Note that you can set annex.defaultwanted to "standard", and
annex.defaultgroups to some group, and then changing
git-annex groupwanted will affect all repositories that copied that
defaultwanted into their config.
So that's a way to be able to make changes that will affect other people's clones. But only ones that they have opted into.
I'm on the fence about whether the kind of security impact I discussed earlier is really something that should prevent a global setting, or not.
git-annex config of annex.securehashesonly is another example of
something where my hypothetical "auditing repos" would be vulnerable to a
behavior change that might be security significant. Since that gets copied
from the git-annex config to git config at init time, behavior in a
new clone might be different than behavior in an existing clone.
Does that mean it's ok for there to be more cases where there can be such a potential security impact? I don't know.
The annex-ignore config can be manually set by the user to prevent using an otherwise usable remote. The man page gives the example of a network connection that is too slow to use normally.
It may be that no users are actually using annex-ignore like this. Using annex-sync seems more likely. But, it's hard to rule out.
That presents a problem, since this would need to unset annex-ignore once the repository was created.
Checking before push if the repository exists, and only unsetting annex-ignore if it did not exist before sync, but does afterwards, would be one way around this problem. It does mean that, if 2 people are making a repository at the same location at the same time, the loser may be left with annex-ignore set due to the other person having created the repository.
Or, a new config could be added, that is like annex-ignore, but is only set by git-annex, and not by the user. Keeping annex-ignore's behavior, but making git-annex set and unset the new config as needed.
Hi joey, thank you for picking this up. IIUC, what you implemented (git config annex.default{wanted,required,group}) allows you to set these configs locally and then spare yourself the initial git annex wanted . present (etc.) setup calls. This is cool, thanks!
The problem I was trying to express here is however that git annex assist (the very convenient do-it-all command you can tell non-techy people to use to 'do the syncing stuff') will by default pull in all files, resulting in a terrible user experience: it's slow (of course nobody sets annex.jobs=cpus or uses -j4), it takes up a ridiculous amount of space, people will say 'I don't need that 3GB file, why does it download it?' (of course nobody remembers or understands to set git annex wanted . present or anything complex), etc. Sure, this is a question of user education, but good defaults can make for a much easier onboarding experience. (I know you are not so fond of such a do-it-all command, but this git annex assist single-stepping command really has been a good git annex selling point in the discussions and talks I had.)
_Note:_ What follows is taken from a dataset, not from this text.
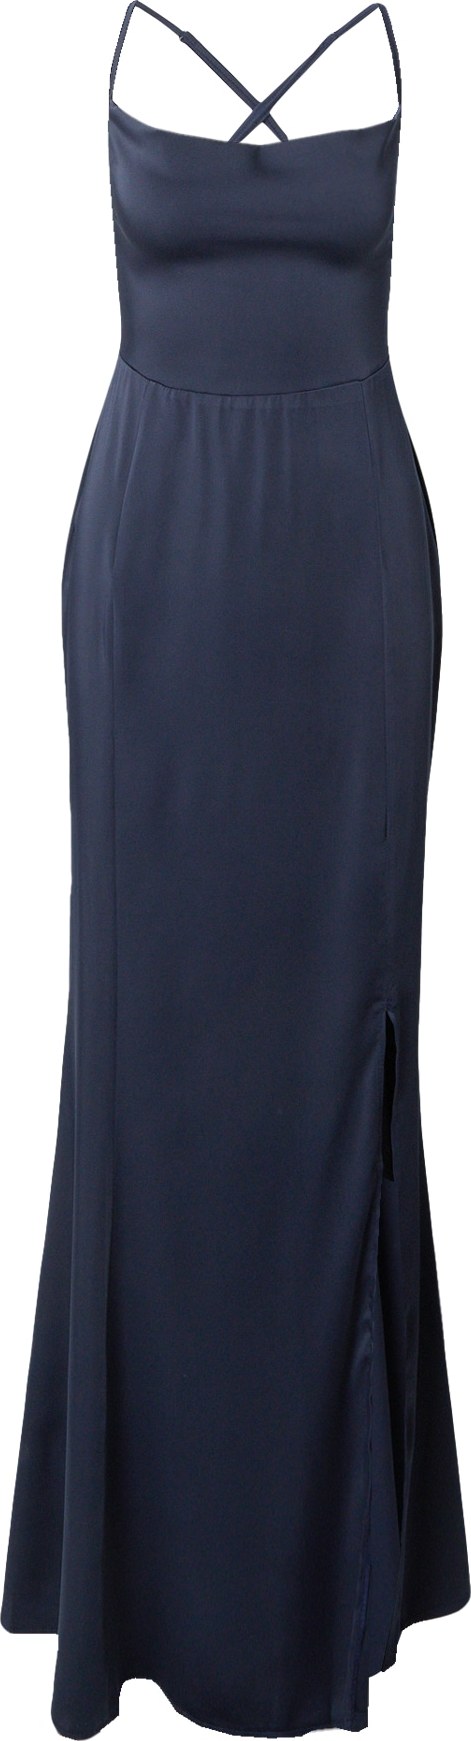 Společenské šaty Lipsy námořnická modř
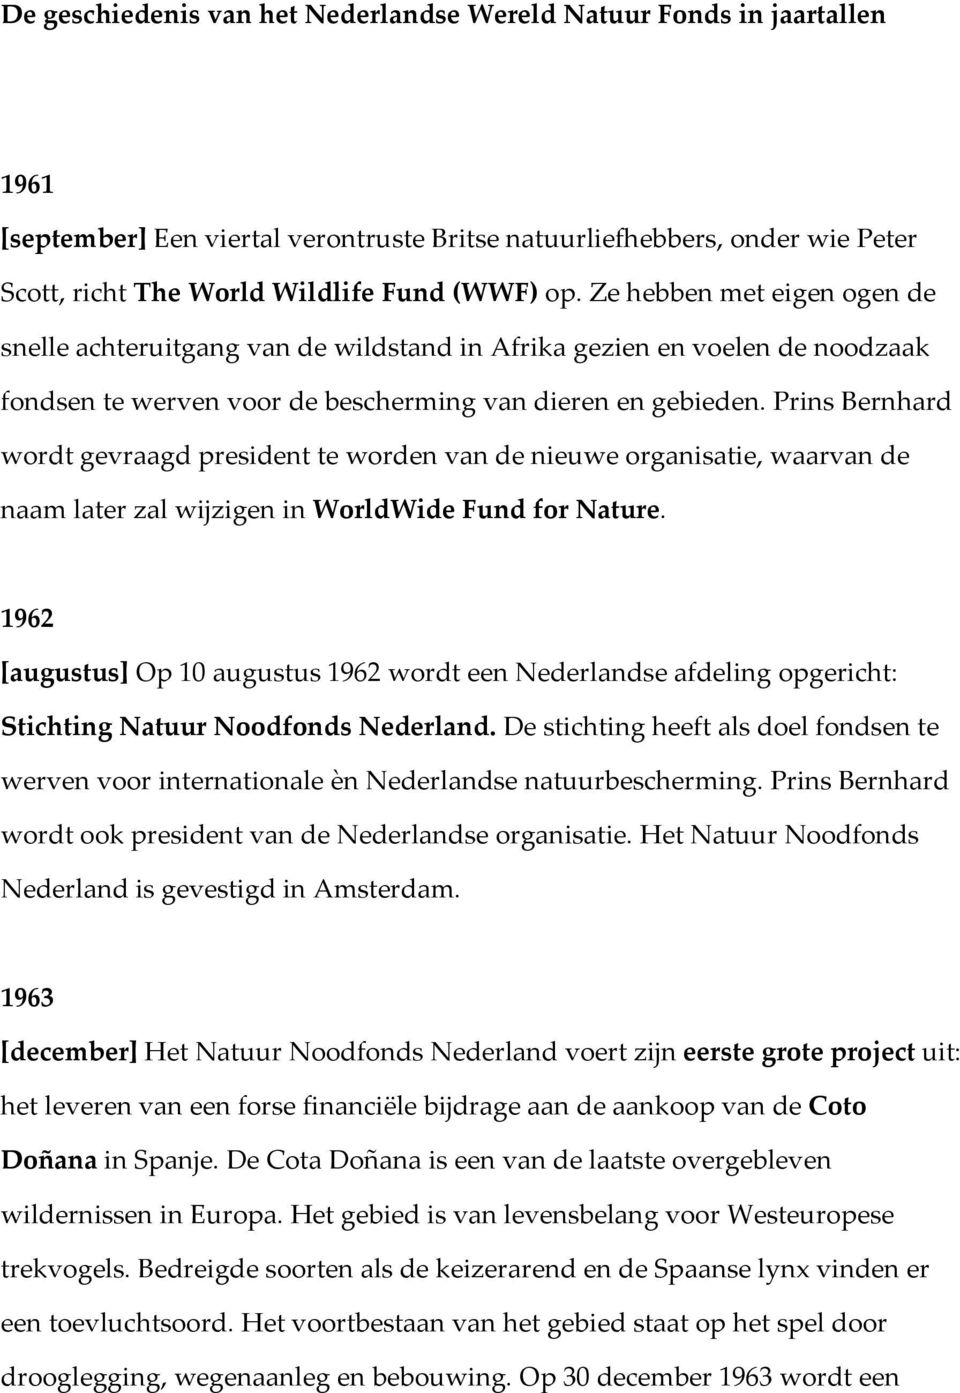 Prins Bernhard wordt gevraagd president te worden van de nieuwe organisatie, waarvan de naam later zal wijzigen in WorldWide Fund for Nature.

So if there was a global setting like git annex config --set annex.defaultwanted 'present or include=*.pdf' that would set the default wanted expression for any clone, one could define what the most important files are and tell everyone to git annex get the others if necessary. git annex assist will be fast, only pull in the most important files (or none!), people can modify or add new stuff, and run git annex assist quickly again.
I would say git annex config --set annex.defaultwanted <whatever> should not execute git annex wanted . <whatever> and as such hard-code it in the git-annex branch for every repo (because then again, when would that even be executed? Would it be re-set after another git annex config --set annex.defaultwanted <whatever2>? When?). Instead, git annex --set annex.defaultwanted <whatever> should cause the default (i.e. fallback) value of git annex wanted . to be <whatever>, which is currently just "", which I guess means something like include=* IIRC.
Re: your security concerns
I understand your hesitation to add more git annex config ... global repo configs. But here I would argue:
- git annex does not have a permissions model anyway. Anyone with push access to a repo can change any policy, any wanted expression for any repo, etc. If that is a problem, then git annex might not be the right tool. I guess one can implement some level of permission control with post-receive hooks on the remote side, but that is outside git annex's scope. git annex assumes everyone writing to the repo is nice.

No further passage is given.